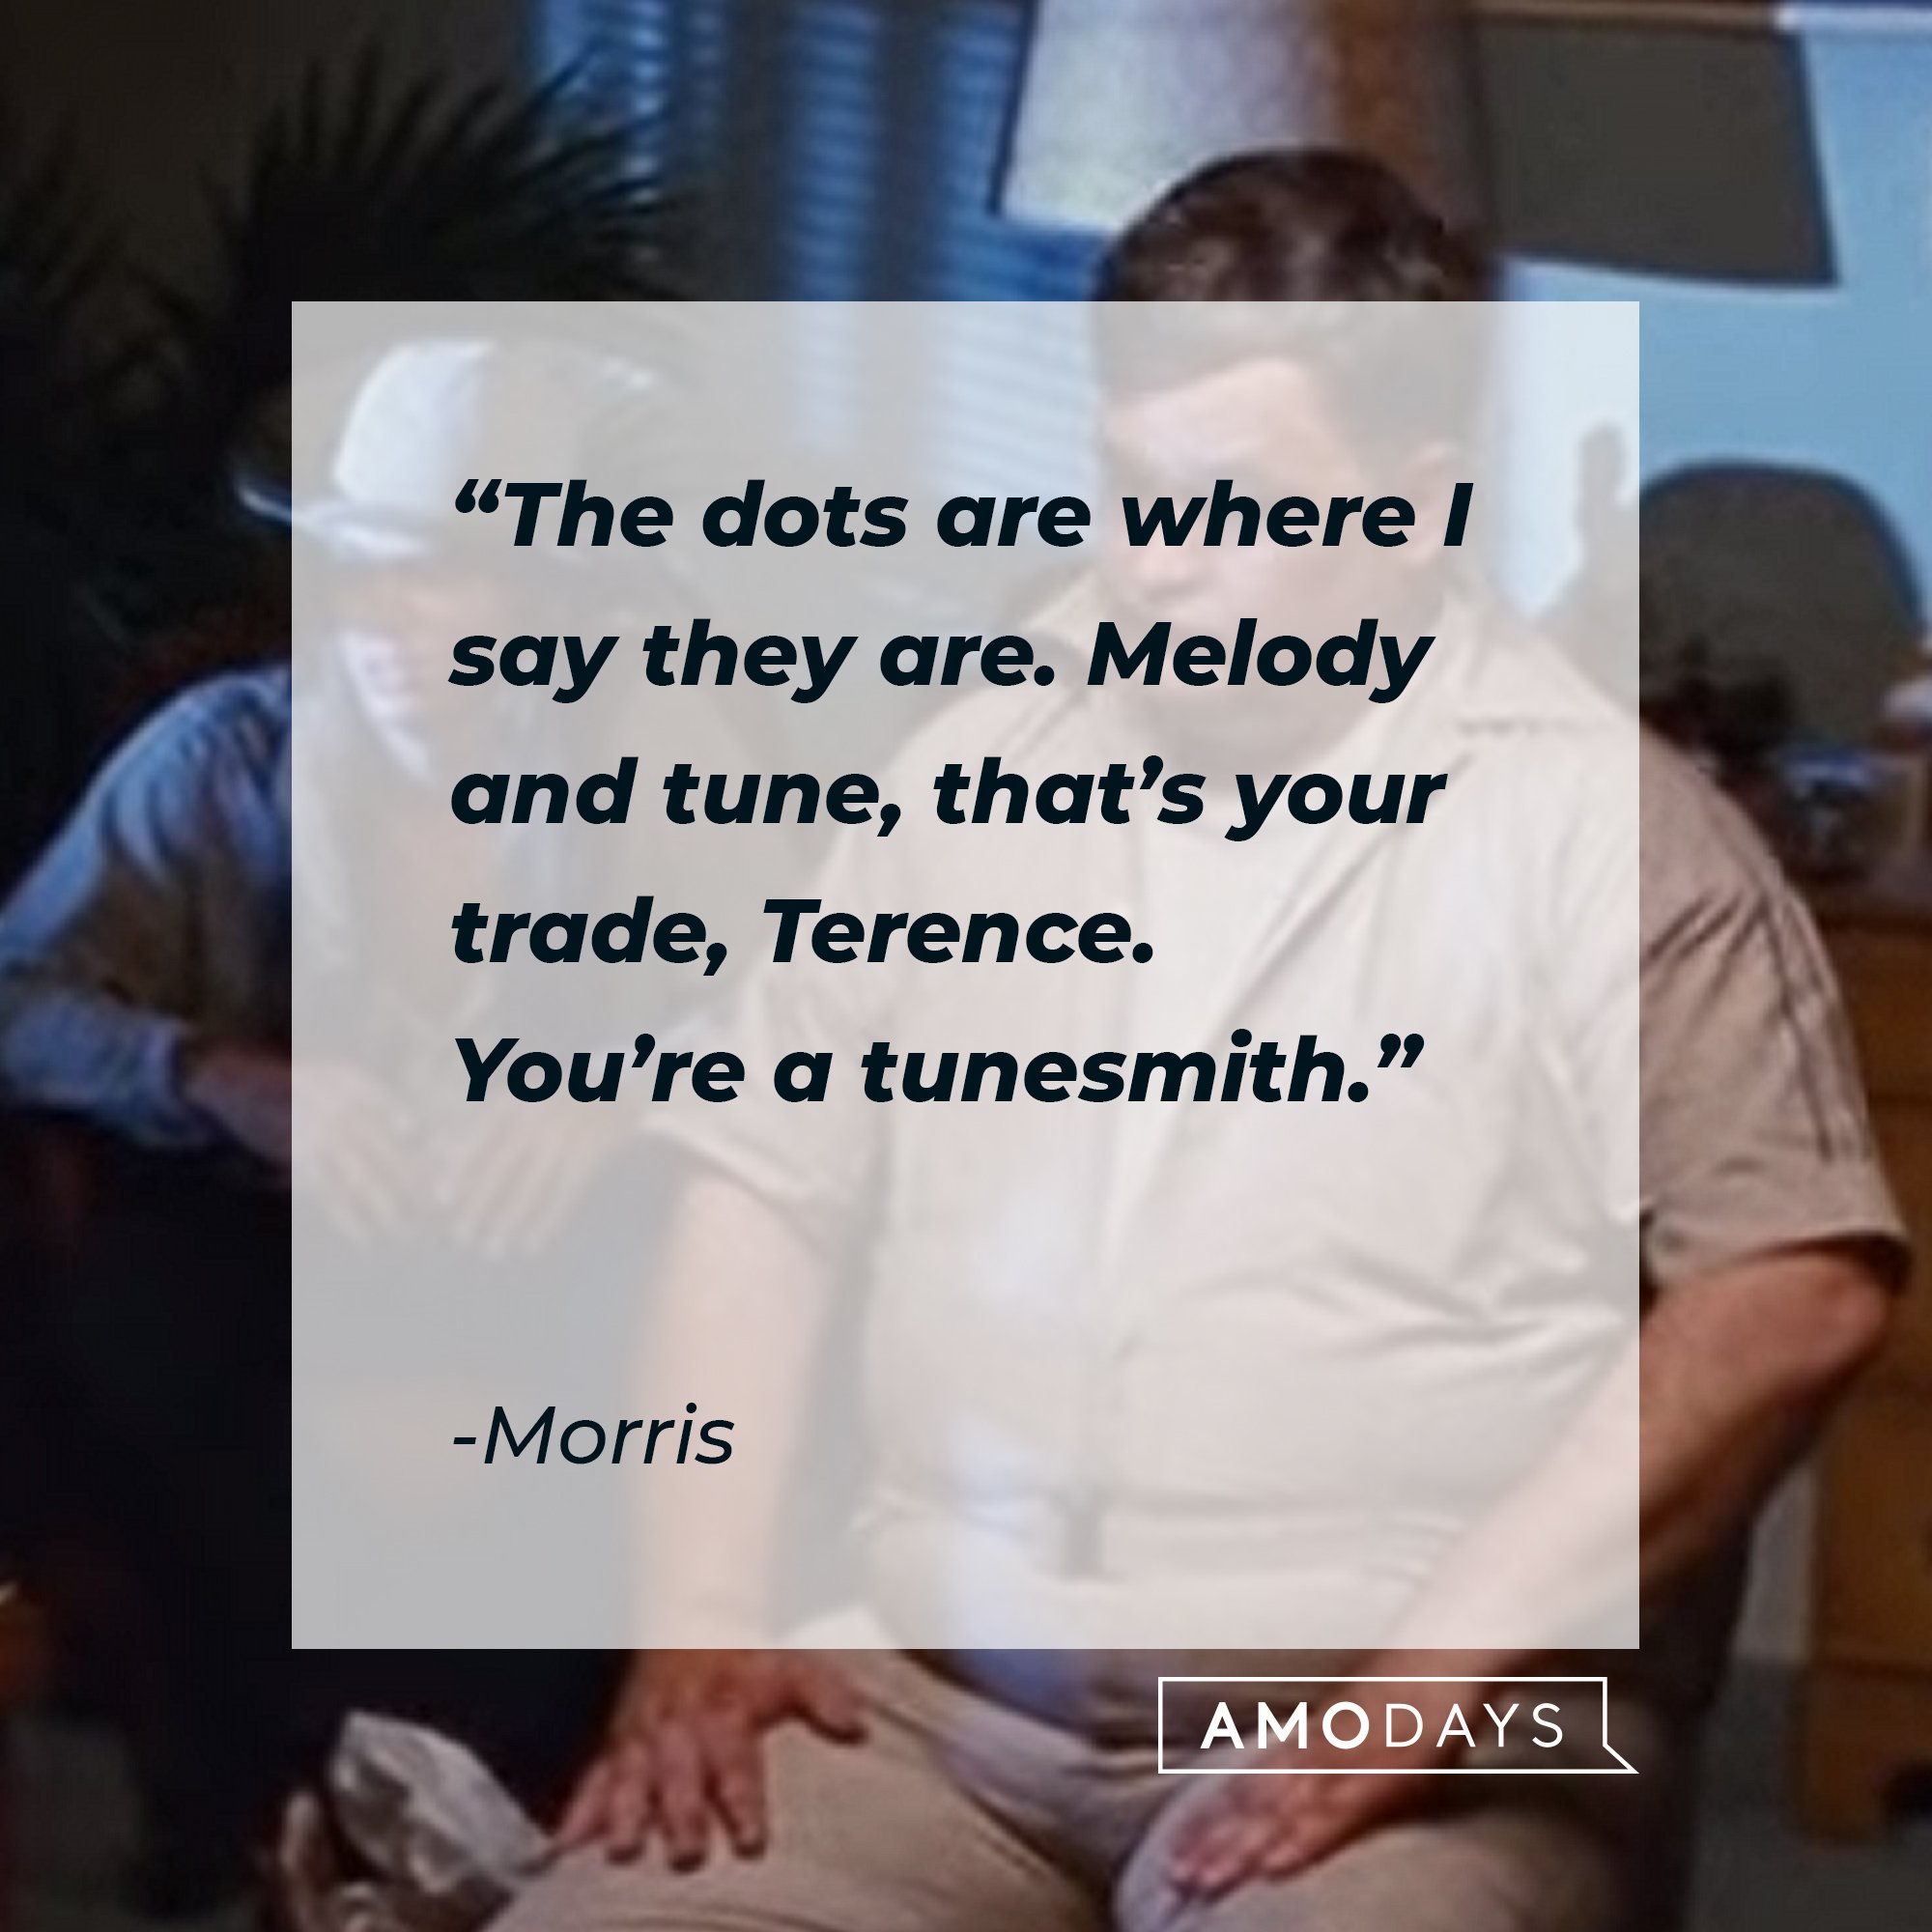 Morris’s quote: "The dots are where I say they are. Melody and tune, that's your trade, Terence. You're a tunesmith." | Image: AmoDays
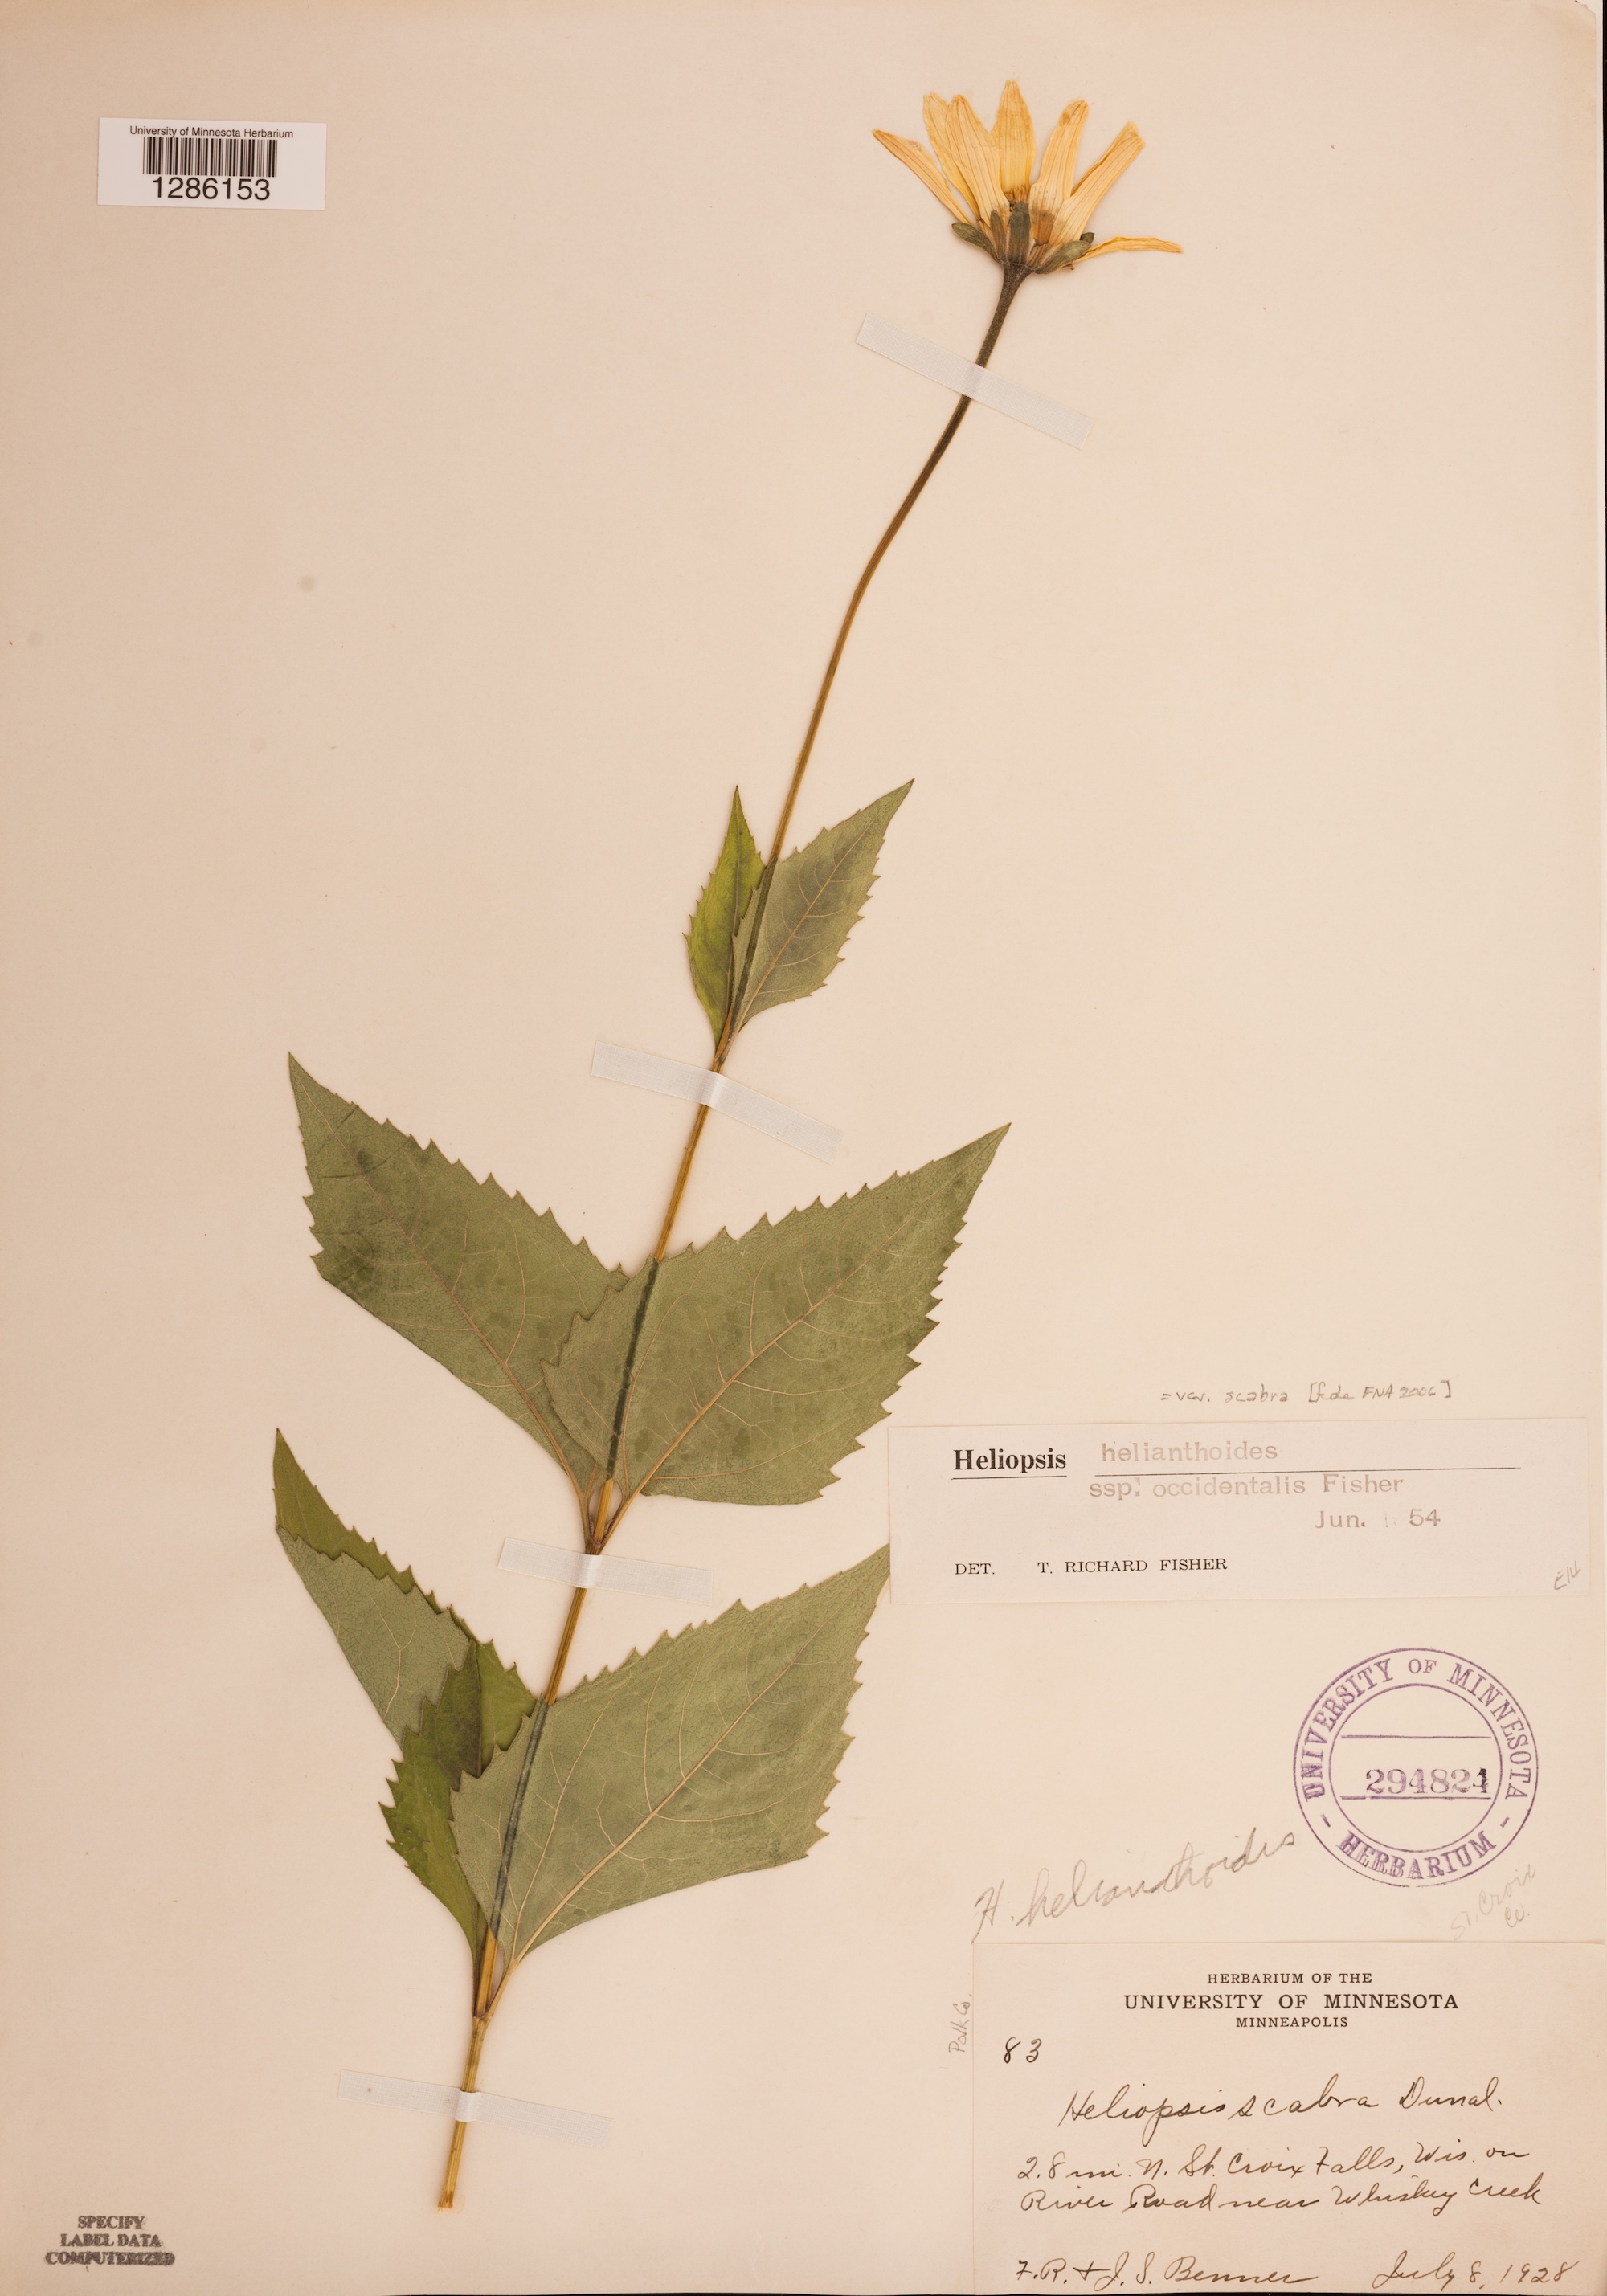 False Sunflower specimen collected 2.8 miles from St. Croix Falls, Wisconsin on July 8, 1928.
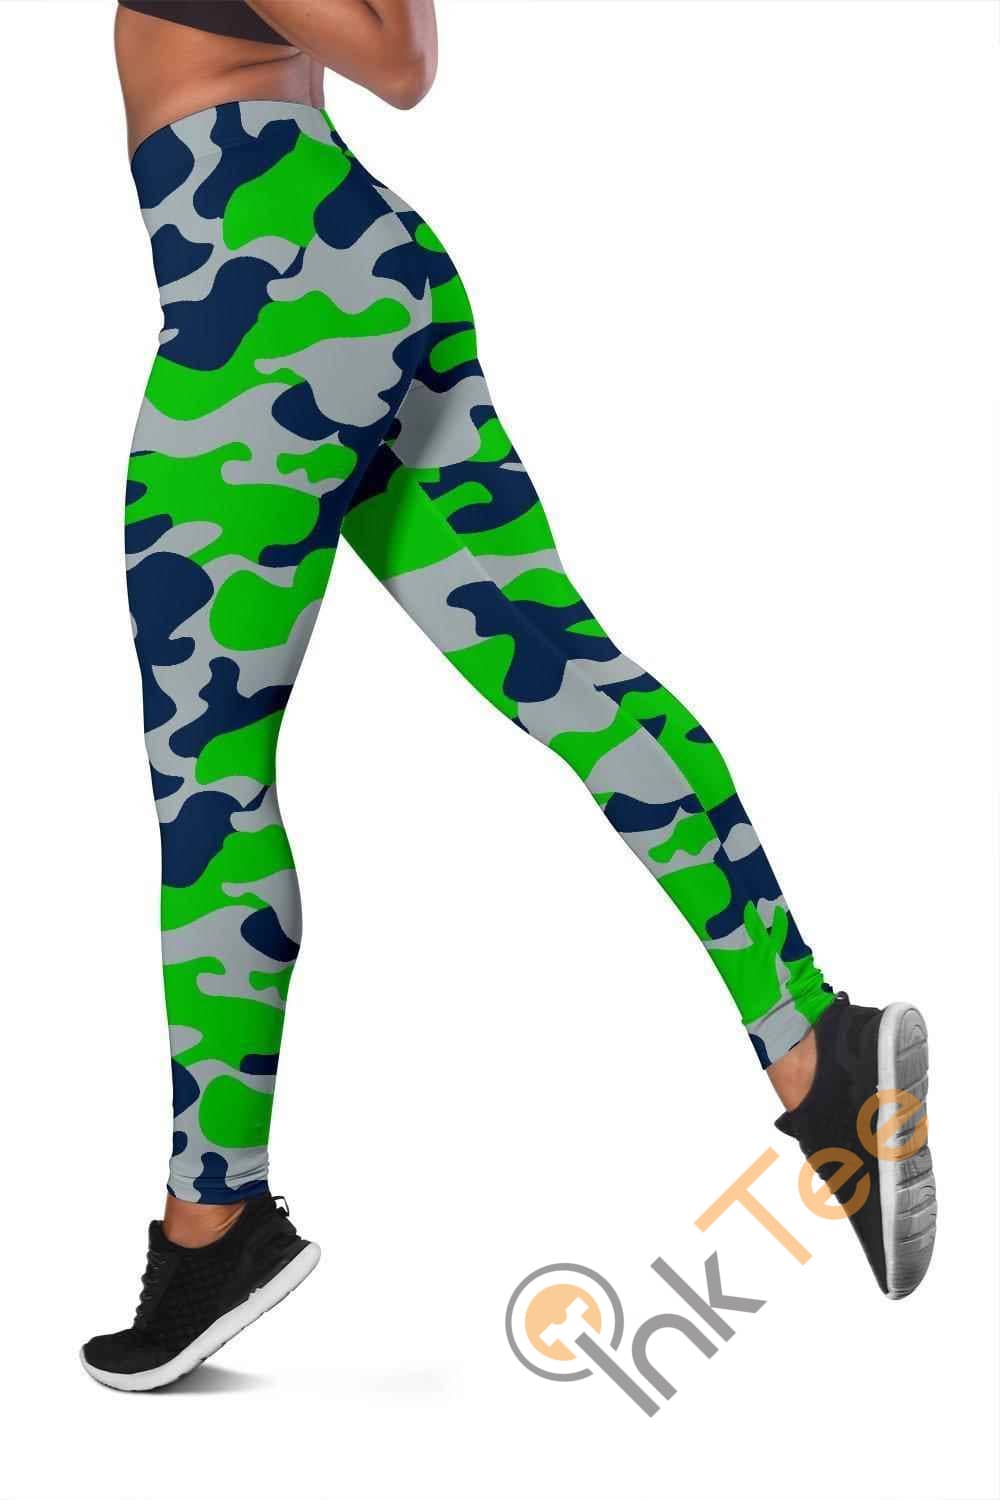 Inktee Store - Seattle Seahawks Inspired Tru Camo 3D All Over Print For Yoga Fitness Fashion Women'S Leggings Image

_ _ _ _ _ _ _

> **Work instructions**
Reproduce exactly, and only, the lines from the one with "False Sunflower specimen" to the final line of the listing above; the pictures are to be left out.

> **Expected answer**
 False Sunflower specimen collected 2.8 miles from St. Croix Falls, Wisconsin on July 8, 1928.
 Inktee Store - Seattle Seahawks Inspired Tru Camo 3D All Over Print For Yoga Fitness Fashion Women'S Leggings Image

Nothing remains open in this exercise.